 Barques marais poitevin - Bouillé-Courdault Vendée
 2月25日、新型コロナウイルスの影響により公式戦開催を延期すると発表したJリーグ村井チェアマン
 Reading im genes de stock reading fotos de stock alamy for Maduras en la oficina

=======

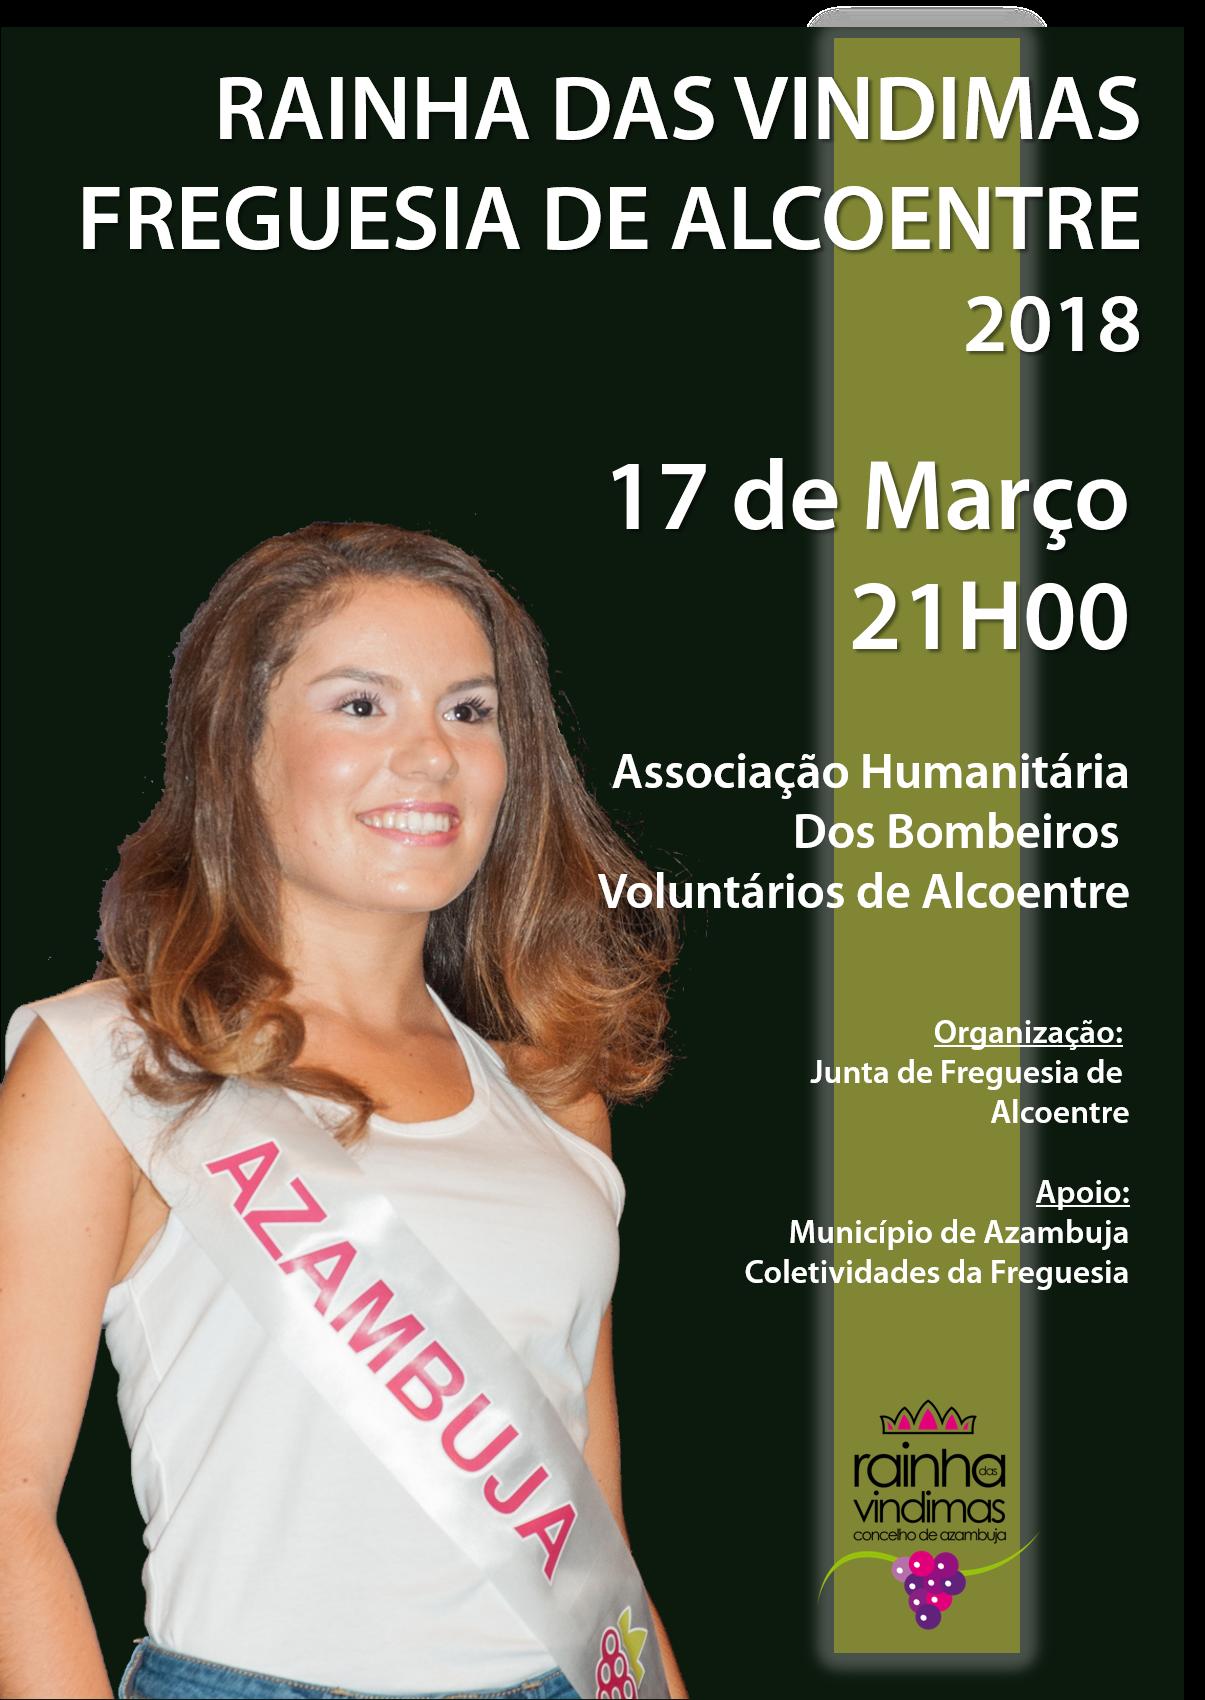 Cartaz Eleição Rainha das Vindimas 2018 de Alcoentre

=======

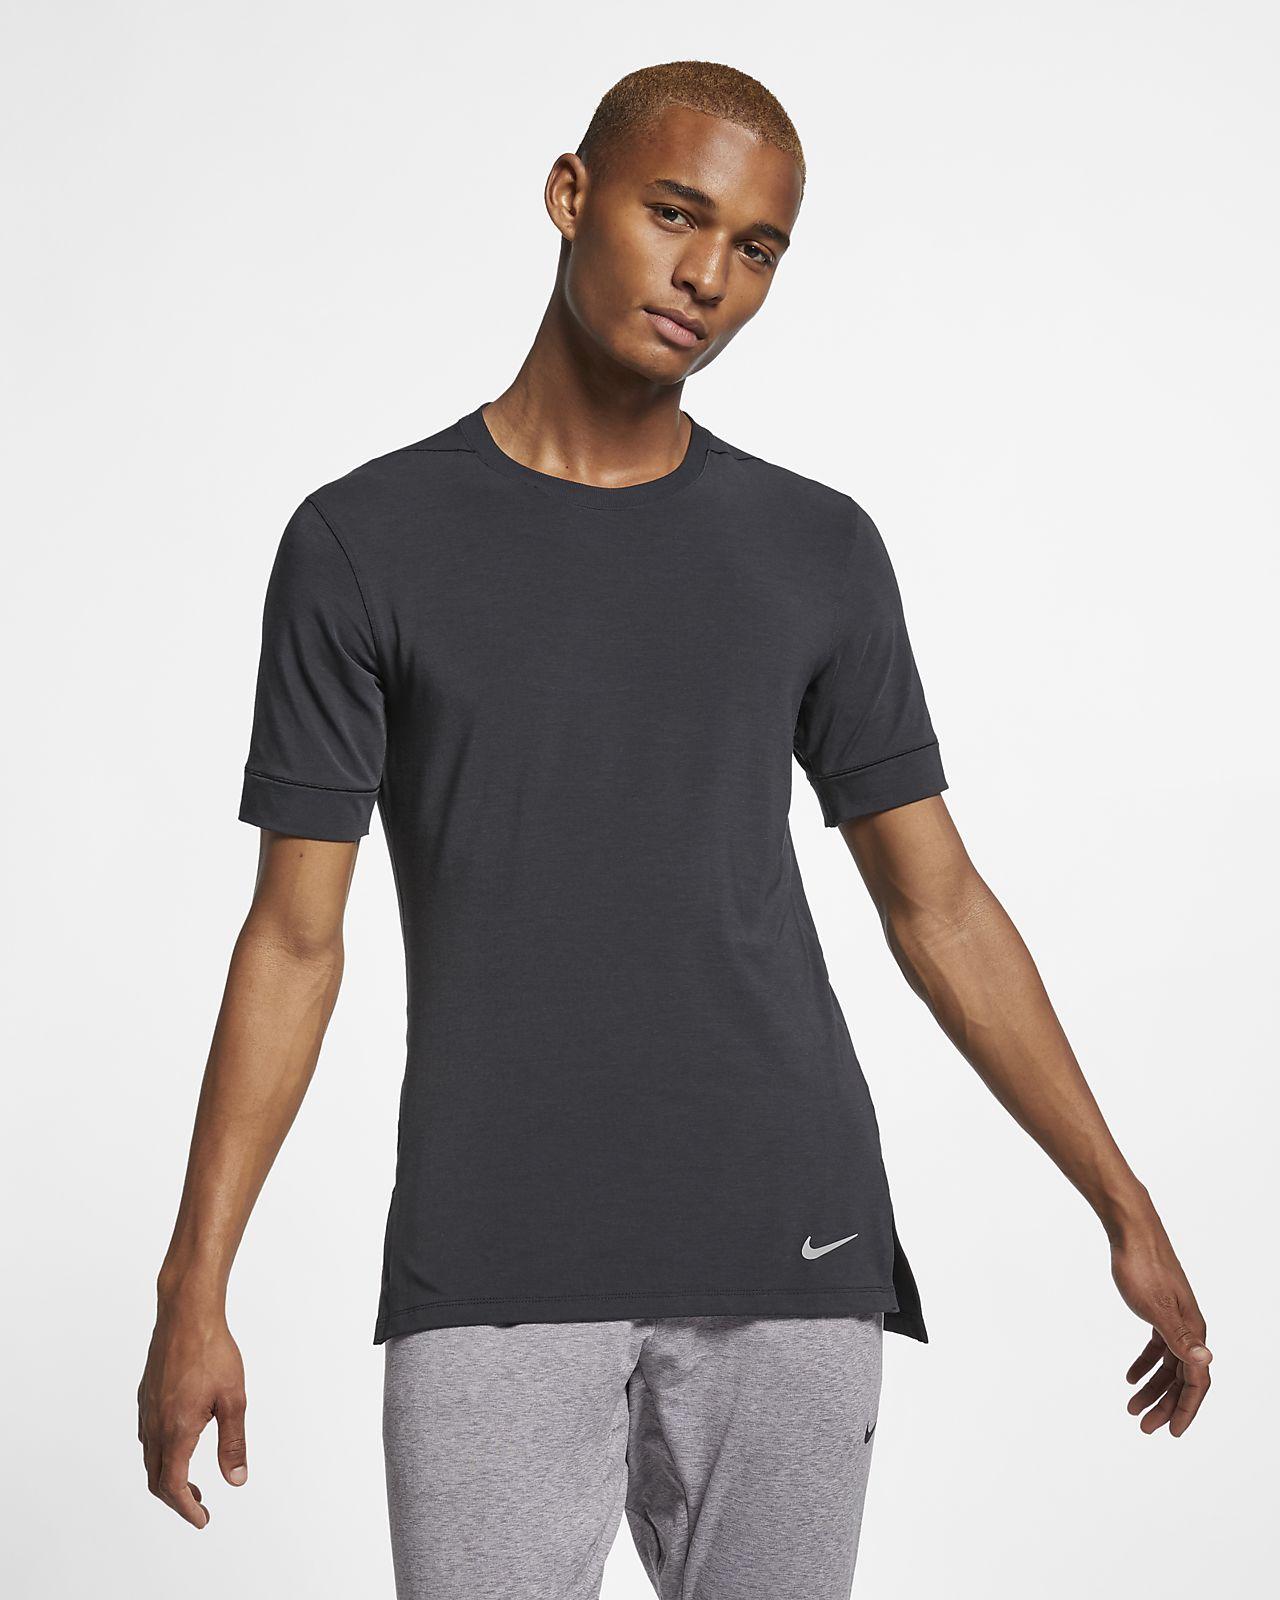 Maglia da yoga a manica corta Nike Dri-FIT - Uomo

=======

- **EXERCISE DESCRIPTION**
Extract from the records above the lines from the one containing "Barques marais poitevin" to the one containing "Reading im genes", both lines included, exactly as they appear and with nothing else.

- **THE ANSWER**
 Barques marais poitevin - Bouillé-Courdault Vendée
 2月25日、新型コロナウイルスの影響により公式戦開催を延期すると発表したJリーグ村井チェアマン
 Reading im genes de stock reading fotos de stock alamy for Maduras en la oficina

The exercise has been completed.